Mr. O’Regan: I will just check my time. I would only interrupt these proceedings for democracy.
The Chair: We would allow you to do that.
There seems to be no indication that the vote is happening right now, at least from you, minister, so we will use our time.
Senator Bernard: Minister, thank you for being here.
I would like to ask about gender-based analysis. I am wondering if a Gender-Based Analysis Plus was conducted regarding the provisions of this bill. I am interested in how the adoption of this bill would impact diverse groups of Canadians, equity-deserving groups. They are my interest. Many of them are typically hired as replacement workers because they are locked out of the regular labour market.
Mr. O’Regan: Senator, I’m desperately going through my notes because I do know that a GBA Plus analysis was done.
I think Gary has the details in front of him.
Mr. Robertson: It was done, yes.
I would point out that the federally regulated sectors are more male-predominant than many other sectors — if you think about interprovincial or international trucking or some of the others. Just slightly more than 60% are men right now, but we are seeing that changing over time. Similarly, other equity-deserving groups are represented to various degrees. Banking, for example, would have better representation than others. We have factored that in, and we are seeing that, as the environment continues to evolve, this should provide equal benefits to any of the folks who are regulated by the federal jurisdiction.
Senator Bernard: Thank you.
I’m also wondering about the connection with the employment equity legislation, which itself is very outdated and waiting for much-needed changes.
Mr. Robertson: I’ll just defer to the minister for a moment.
Senator Bernard: I’m not sure if you heard the question, minister.
Mr. O’Regan: No, I apologize. I’m just trying to get democracy working.
Senator Bernard: I appreciate that. On the Senate side, we are a bit envious about the fact you can actually vote electronically.
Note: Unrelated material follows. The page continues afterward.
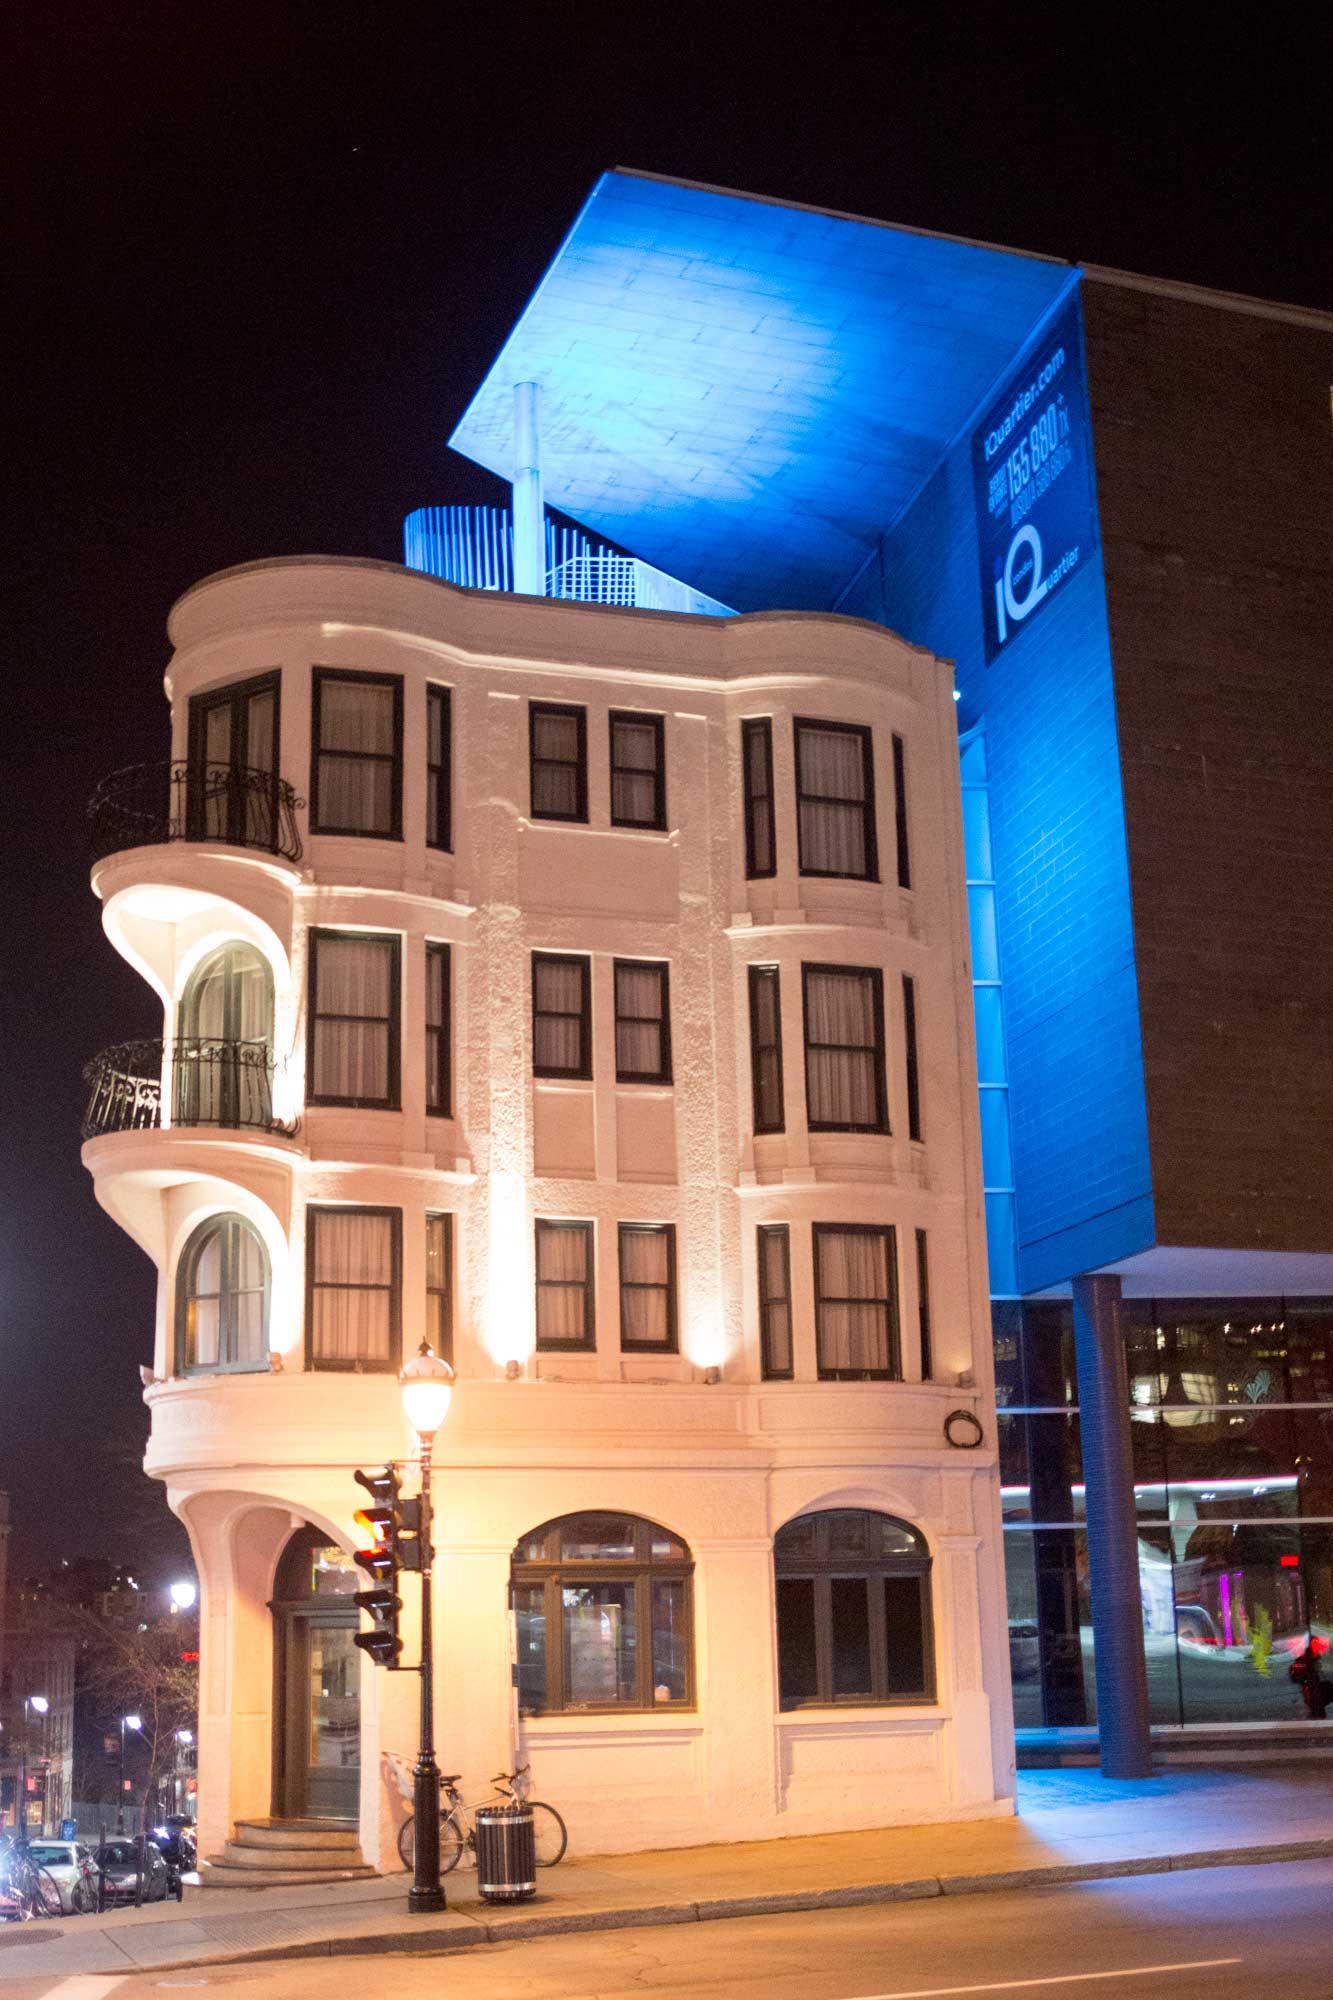 Hotel-10-Montreal-Stenberg-0341.jpg

Mr. O’Regan: It is marvellous and usually a bit more seamless, but of course, in front of all of you, it has decided to do something I have never seen it do before.
Joe back there will sort it out. My apologies.
Senator Bernard: I was asking about the connection between this legislation and the employment equity legislation, which we know is outdated and is, itself, waiting for some much-needed changes.
Mr. O’Regan: Yes. I think you know those changes are happening, so I am quite happy about that.
In fact, Dr. Adelle Blackett is currently in Geneva presenting some of her findings. We have already announced that we are willing to make some preliminary steps, and I’m very happy about that. Her work will most definitely be incorporated into this. That’s going to be another sweeping change that will affect the federal government and federal public service. But yes, all of that will be incorporated. I’m very proud of that report. She has done tremendous work. It is an incredibly well-written document that I encourage all of you to take the time to read. It’s a good read. You don’t often find that.
Senator Bernard: Many of us are anxiously awaiting the next steps.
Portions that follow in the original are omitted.